En Alemania sucedió y en buena medida aún sucede una discusión semejante. Los defensores de la supuesta “libertad” de expresión (entre los que se cuentan los neonazis, aunque también historiadores como Ernst Nolte, que pretende que los alemanes vuelvan a sentir “orgullo“ de su identidad) sostienen que al criminalizar el negacionismo del horror nazi, se atenta contra su propia “libertad” de expresar su “opinión” o “pensamiento”. El Estado alemán, y gran parte de la sociedad civil, incluyendo a los grandes partidos, por el contrario, entienden que el negacionismo es un germen veloz en sociedades que se acercan peligrosamente a la xenofobia, como la europea. La penalización del negacionismo pretende ponerle un límite a la mentira, por más que la misma puede ser expresada libremente como una “opinión” o defendida como un pensamiento.

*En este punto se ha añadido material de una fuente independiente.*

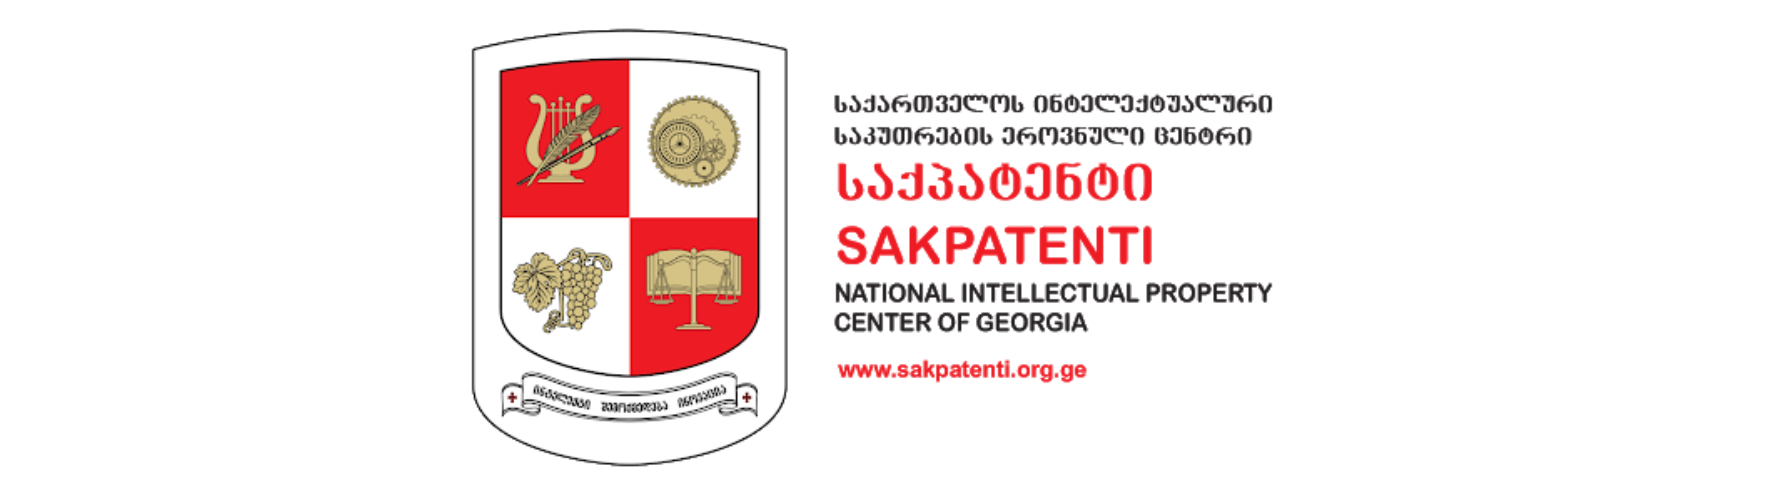 Sakpatenti logo
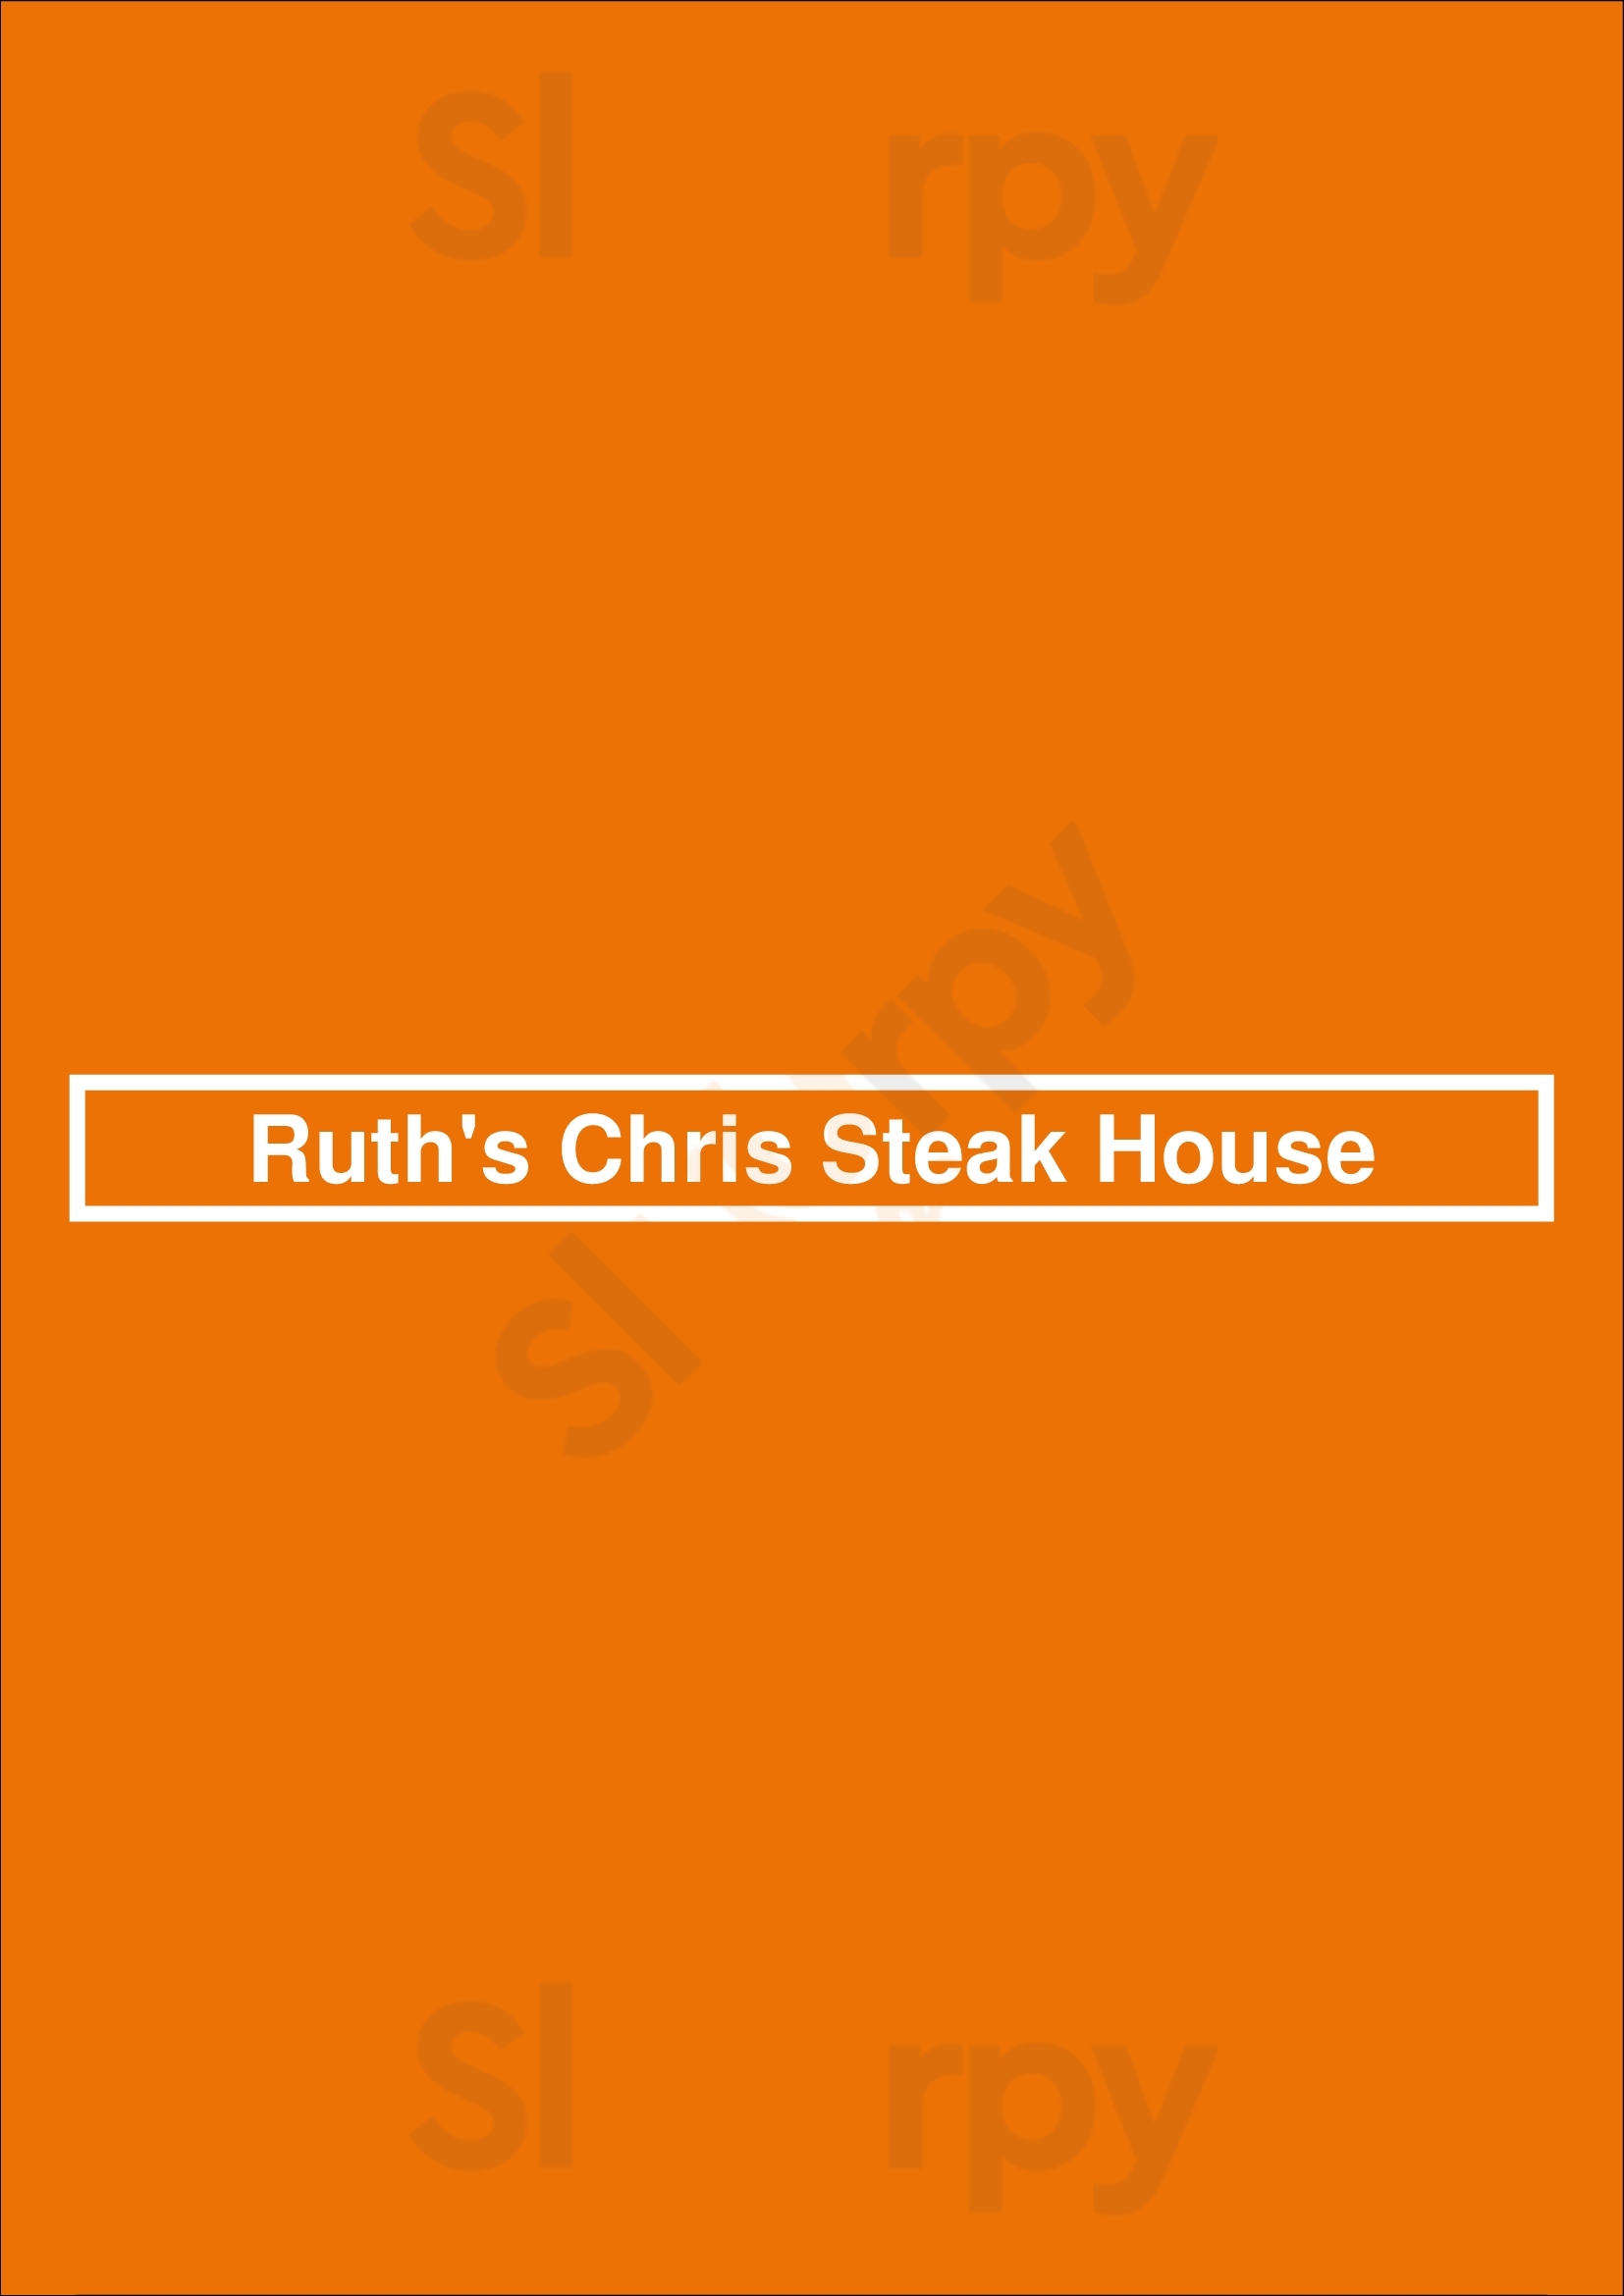 Ruth's Chris Steak House Mobile Menu - 1

El desafío del derecho al penalizar el negacionismo, es ponerle un limite a la mentira, para que el horror no encuentre nuevamente un suelo fértil en el cual crecer: la ignorancia que la penalización combate. Los pueblos que desconocen su pasado, están condenados a repetirlo. Con la convicción de que el horror nazi no debe volver a repetirse, es que el Estado alemán ha propuesto penalizar a quienes lo desconozcan (como parte de sus tareas pedagógicas), no porque pretenda censurar la libertad de pensamiento de nadie, sino por el efecto que esas mentiras pueden tener en el resto de la población. De hecho, el nazismo se basó en la propaganda basada en mentiras. Si esa libertad hubiera estado acotada, las mentiras expandidas (como opinión “libre”) por el nazismo habrían encontrado un límite. El límite que precisamente el Estado alemán (por eso los modelos de posguerra se denominan democracias constitucionales) traza con la criminalización del negacionismo, medida que comparte con Francia.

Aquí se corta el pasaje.